> [What is needed] If an entry below contains an image, drop the image and retype the rest exactly.

┌─ Records for this task

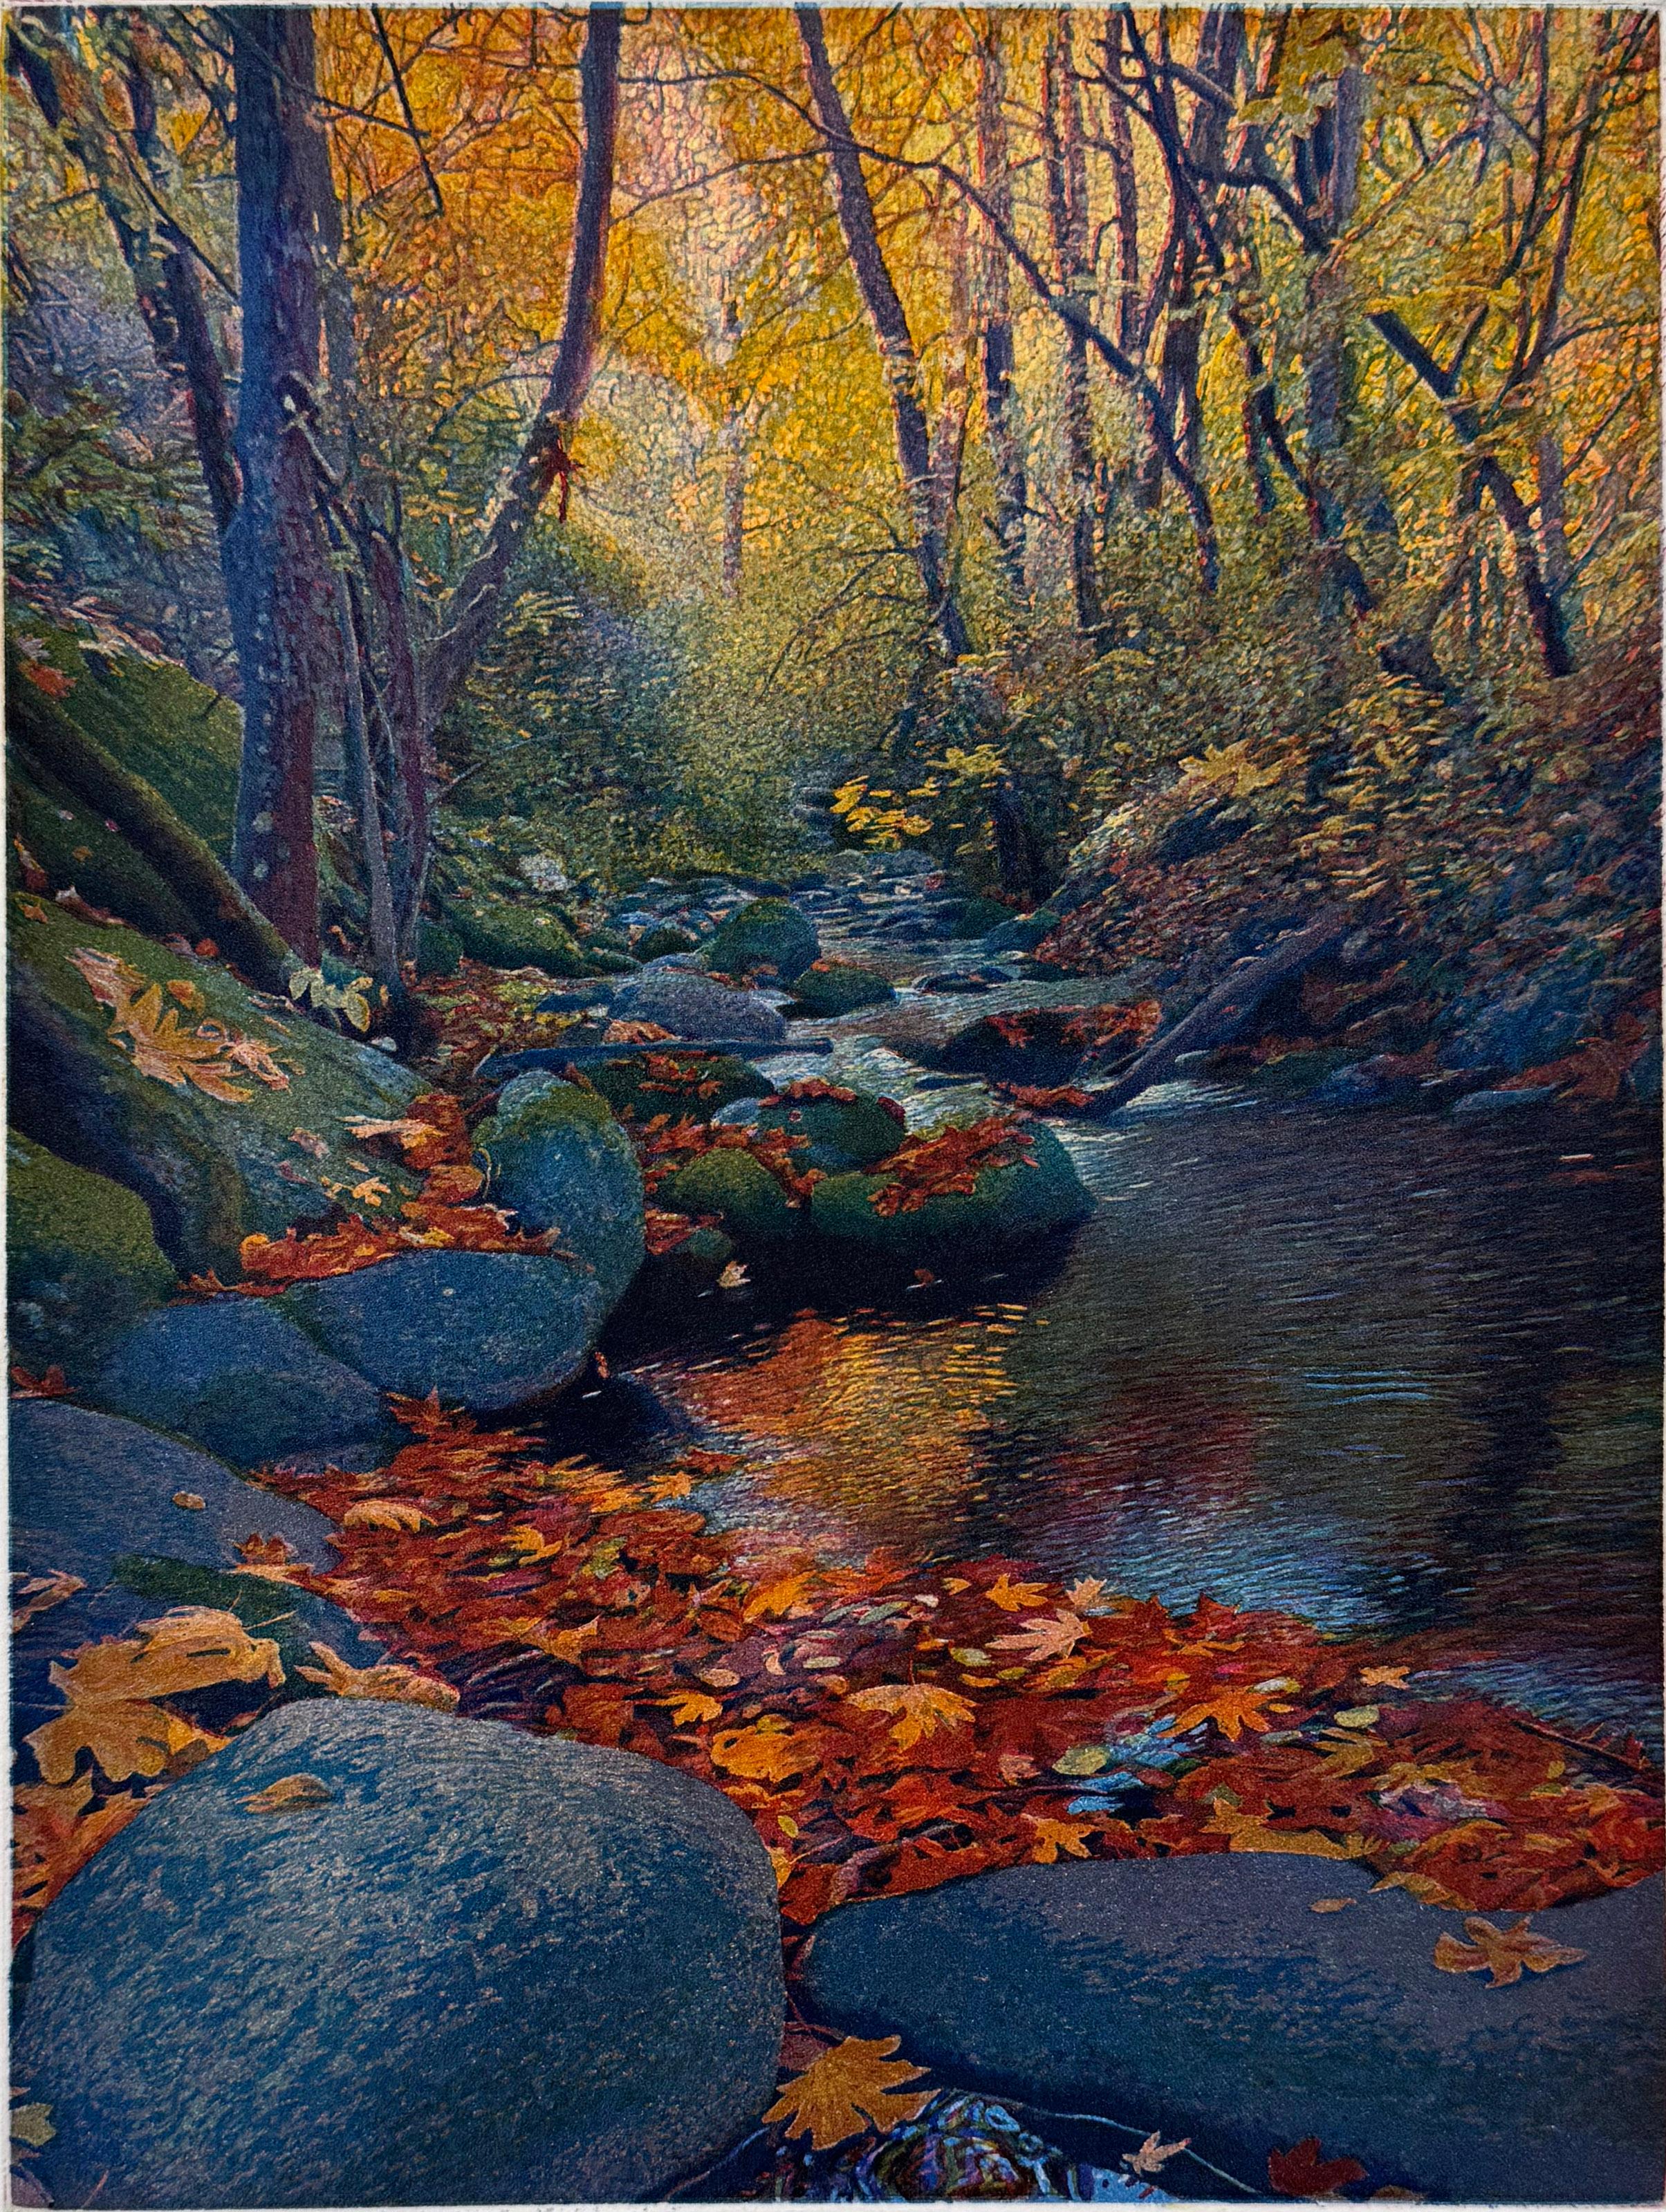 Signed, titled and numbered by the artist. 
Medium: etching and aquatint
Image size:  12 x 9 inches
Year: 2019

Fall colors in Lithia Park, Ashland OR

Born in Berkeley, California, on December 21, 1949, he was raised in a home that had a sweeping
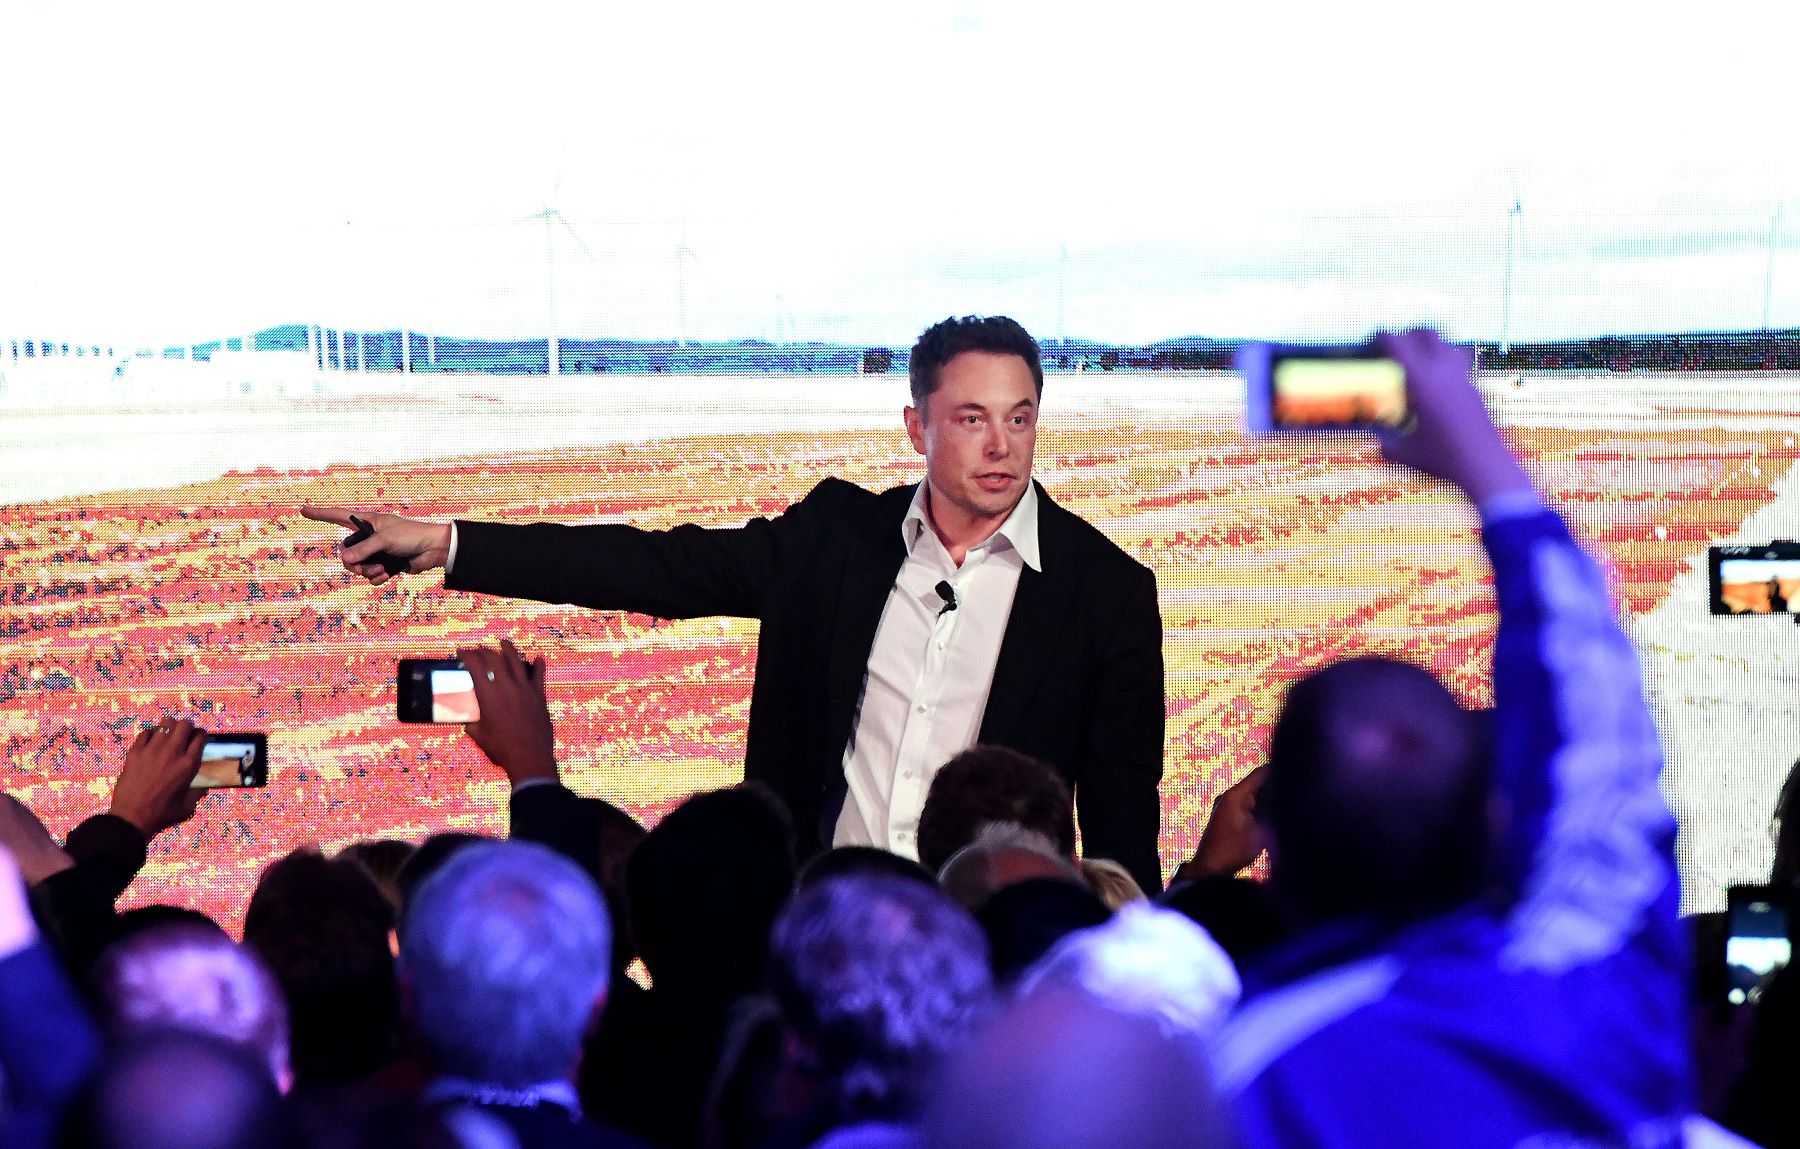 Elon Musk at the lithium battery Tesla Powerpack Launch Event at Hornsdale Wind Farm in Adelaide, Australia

└─

> [Result of this exercise]
 Signed, titled and numbered by the artist. 
Medium: etching and aquatint
Image size:  12 x 9 inches
Year: 2019

Fall colors in Lithia Park, Ashland OR

Born in Berkeley, California, on December 21, 1949, he was raised in a home that had a sweeping
 Elon Musk at the lithium battery Tesla Powerpack Launch Event at Hornsdale Wind Farm in Adelaide, Australia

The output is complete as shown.